Professional Polymarket traders use the order book as a forward-looking signal. The five most common patterns:

Pattern 1 — heavy resting bids. When the bid side is materially deeper than the ask side, it usually means accumulating buying interest. The price tends to drift up over the next few minutes as the bids slowly absorb taker sells and force the ask side to lift.

Pattern 2 — quote pulling. When best-of-book orders disappear without filling, market makers are pulling defensively. The next observed price move is often larger than usual because the buffer of liquidity has thinned.

Pattern 3 — sweep buys. A single trader takes multiple levels of the ask side in one transaction. This is high-conviction directional flow and typically precedes 1 to 3 cent further price movement in the same direction over the next hour.

Pattern 4 — symmetric book with tight spread. The market is at equilibrium and the displayed price is highly informative. New news will move the book quickly but evenly; pre-news the price is your best probability estimate.

Pattern 5 — wide spread with thin both sides. The market has effectively closed even though it is technically still open. Trade only with very small size if at all.

The Poly Syncer listener reads these patterns continuously and exposes a "book state" classification on every market: equilibrium, accumulating, distributing, or closing. The classification feeds the risk engine and helps decide which leader trades to mirror.

Why this matters for copy trading

Every decision the copy-trade executor makes traces back to the order book. The risk-gate depth floor is a book-state filter. The slippage tolerance is a book-impact filter. The maker-first mode is a fee-vs-speed bet against book stability. The "wait 30 seconds then fall back" logic is a guess that the book will deepen in the meantime. None of these decisions can be made well without reading the book accurately.

For a subscriber, the practical takeaway is to look at the order book of any market you are about to follow a leader into, even briefly. The Polymarket UI shows the top 5 levels on each side; that view alone tells you whether the spread is tight or wide, whether depth is balanced or asymmetric, and whether the market is liquid enough to mirror at your size. Five seconds of book inspection prevents the most expensive mistakes new copy-traders make.

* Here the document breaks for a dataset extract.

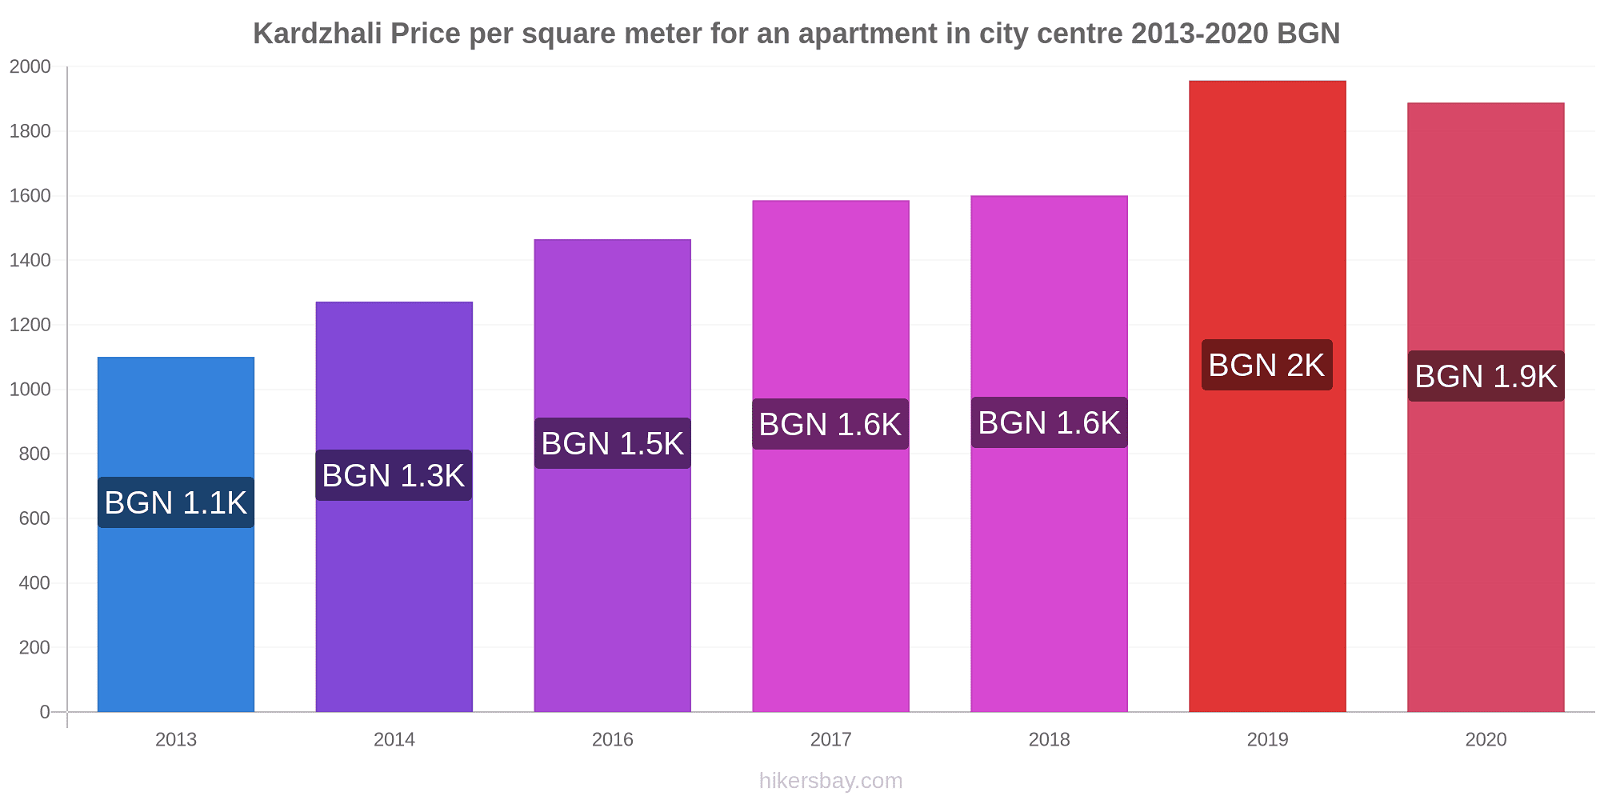 Kardzhali price changes Price per square meter for an apartment in city centre hikersbay.com

Frequently asked questions

What is the Polymarket order book?

The Polymarket order book is the list of all unmatched buy and sell orders for a market, organised by price. The highest bid is what someone is willing to pay; the lowest ask is what someone is willing to sell for. The gap between them is the spread. Every Polymarket market has two order books, one for YES contracts and one for NO contracts, and they are linked because YES plus NO must sum to roughly one dollar.

What does the bid-ask spread mean on Polymarket?

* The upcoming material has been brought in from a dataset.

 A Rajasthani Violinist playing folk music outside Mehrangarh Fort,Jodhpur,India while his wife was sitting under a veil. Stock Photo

The spread is the difference between the highest bid and the lowest ask, which is the implicit cost of trading. A 2-cent spread on a $1 contract means a round-trip trade costs 2 cents, or 2 percent of the position. Liquid Polymarket markets have 1 to 3 cent spreads; thin markets can have 5 to 15 cent spreads which are usually too expensive to trade at retail size.

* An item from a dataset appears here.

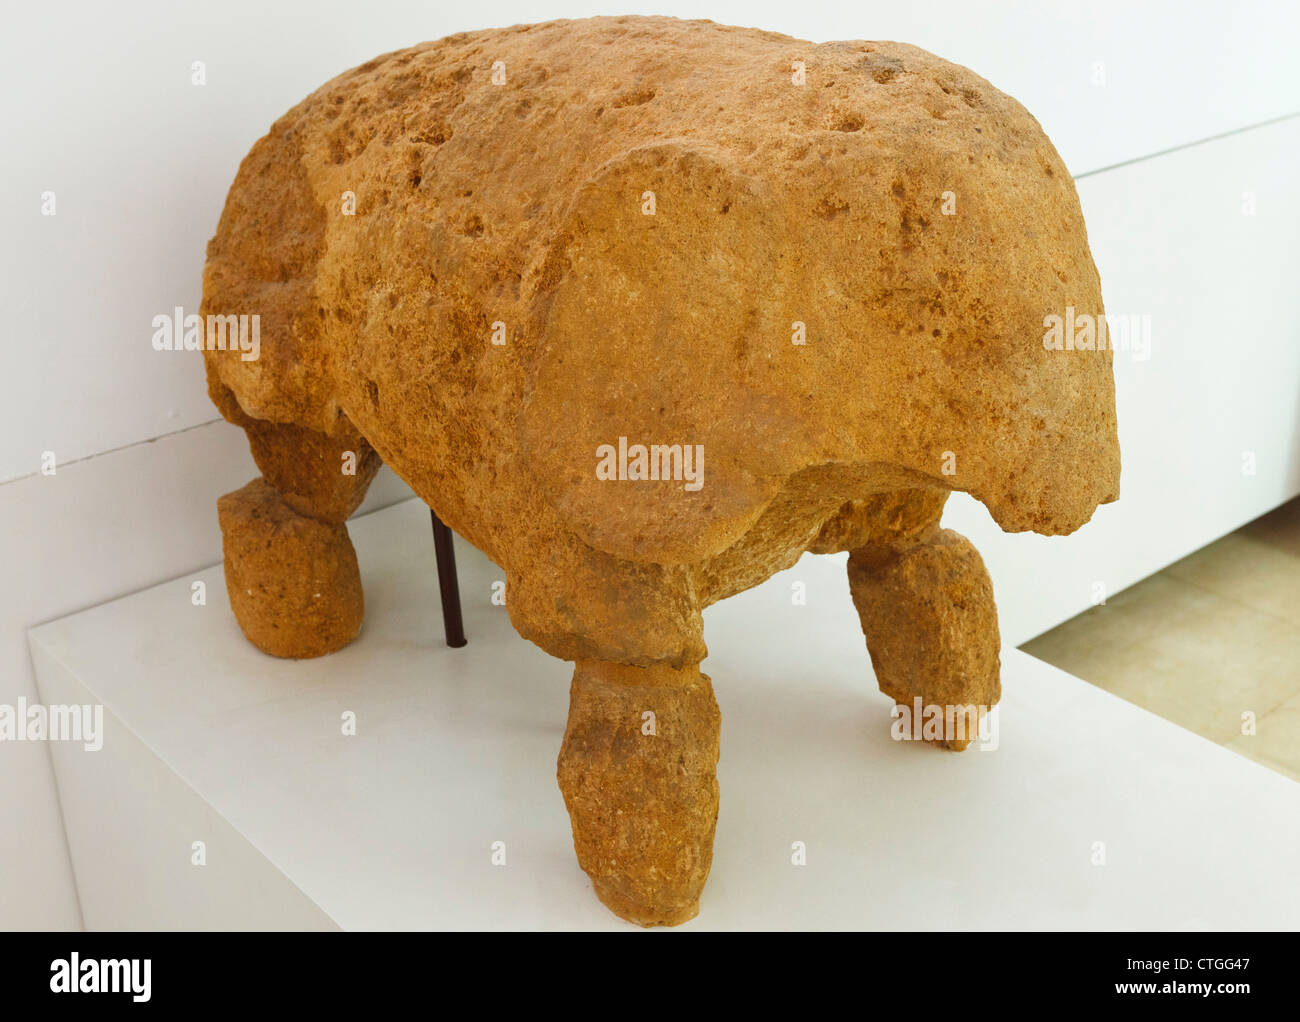 The Archaeological Complex, Carmona, Seville Province, Spain. Sculpture in the museum of an elephant... Stock Photo

How does Polymarket determine the price of a market?

The displayed price is the midpoint of the highest bid and lowest ask on the order book. It moves when new orders enter the book, when existing orders are cancelled or filled, or when new information changes trader beliefs and they update their orders. In a healthy market the price reflects the aggregate opinion of all traders weighted by their position size.

Why is order-book depth important?

Depth determines price impact. A market with $50,000 at the best ask absorbs a $200 order with no slippage; a market with $150 at the best ask sweeps through multiple price levels and fills meaningfully worse than the displayed price. Most Polymarket aggregate volume happens in markets with at least $5,000 of two-sided top-of-book depth.

What is the difference between maker and taker orders on Polymarket?

A taker order crosses the spread and pays a 0.75 percent fee per fill. A maker order posts on the book and waits to be matched, paying zero fees. Takers fill immediately; makers fill only when someone else trades against them. Copy-trade execution defaults to taker because mirror speed matters more than fee saved.